Un immense MERCI! Le 1er avril, vous avez été nombreux à partager notre annonce parodique "Recherche enseignants capables de faire des miracles".
Grâce à votre incroyable mobilisation, l'action a fait du bruit : elle a été relayée par les médias (20Minutes) et a remis le climat scolaire au centre des discussions dans tout le canton.
C’est la preuve que quand nous nous unissons, notre voix porte.
Le paradoxe des chiffres
Aujourd'hui, un chiffre m'interpelle. Le sondage de 20Minutes indique que seul 1% des répondants estime que "tout va bien".

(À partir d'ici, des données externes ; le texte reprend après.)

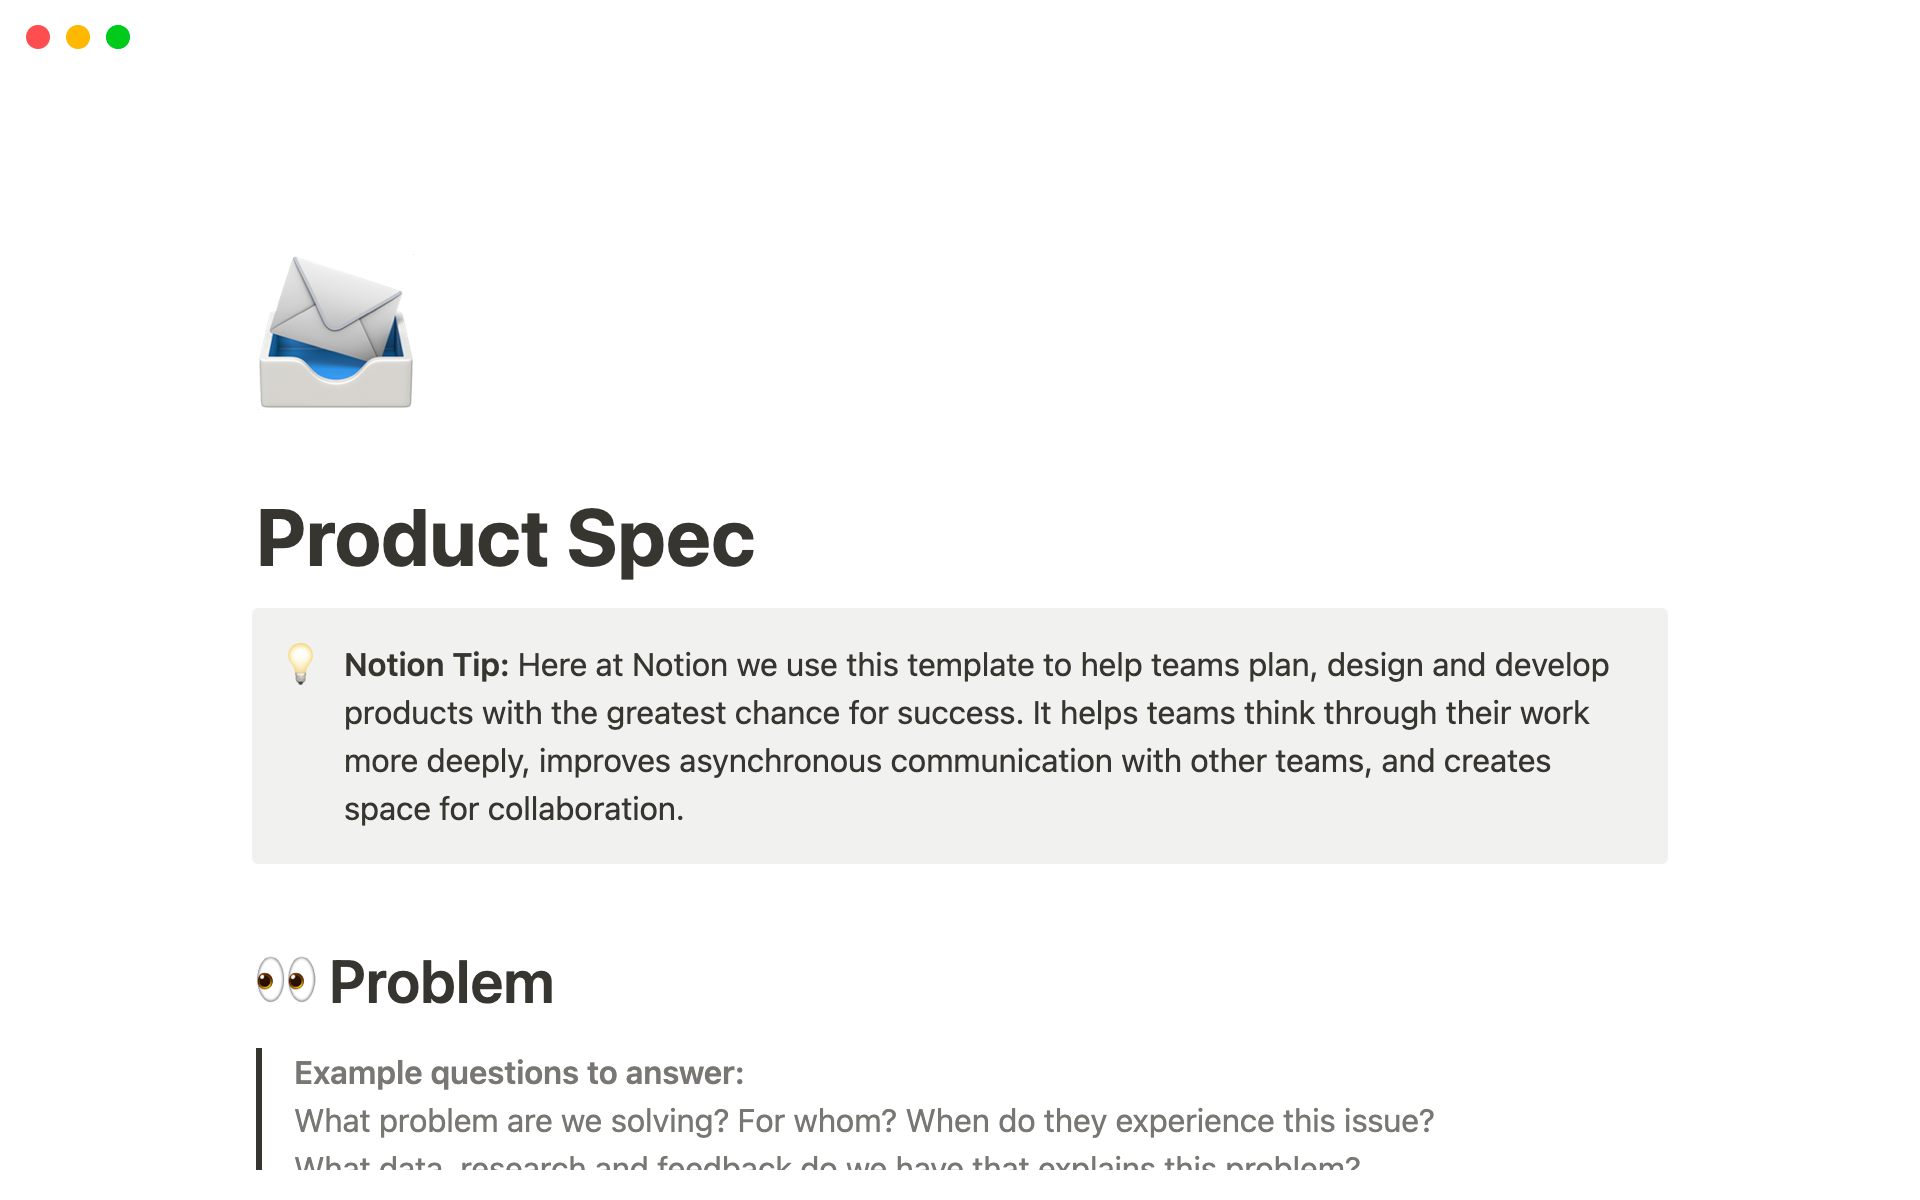 A product spec should contain all the info your team needs to build something new. Use this template as a source of truth to give context, set goals, see edge cases, and plan development steps.

À l'inverse, la DGEO affirme que 90% des sondés sont satisfaits de l’école (résultats partiels).

Ce décalage ne veut pas dire que les chiffres officiels sont faux. Il signifie simplement qu’ils mesurent probablement la vie sociale des élèves, mais qu’ils ont un angle mort : ils ne capturent par exemple pas l'épuisement nerveux des enseignants, ni les maux de ventre des enfants suite au climat d’insécurité en classe.
Pour être crédibles devant la commission des pétitions du Grand Conseil (fin juin), nous devons mieux décrire cette réalité.
Mon appel aujourd'hui : Prouvez-nous que c'est possible !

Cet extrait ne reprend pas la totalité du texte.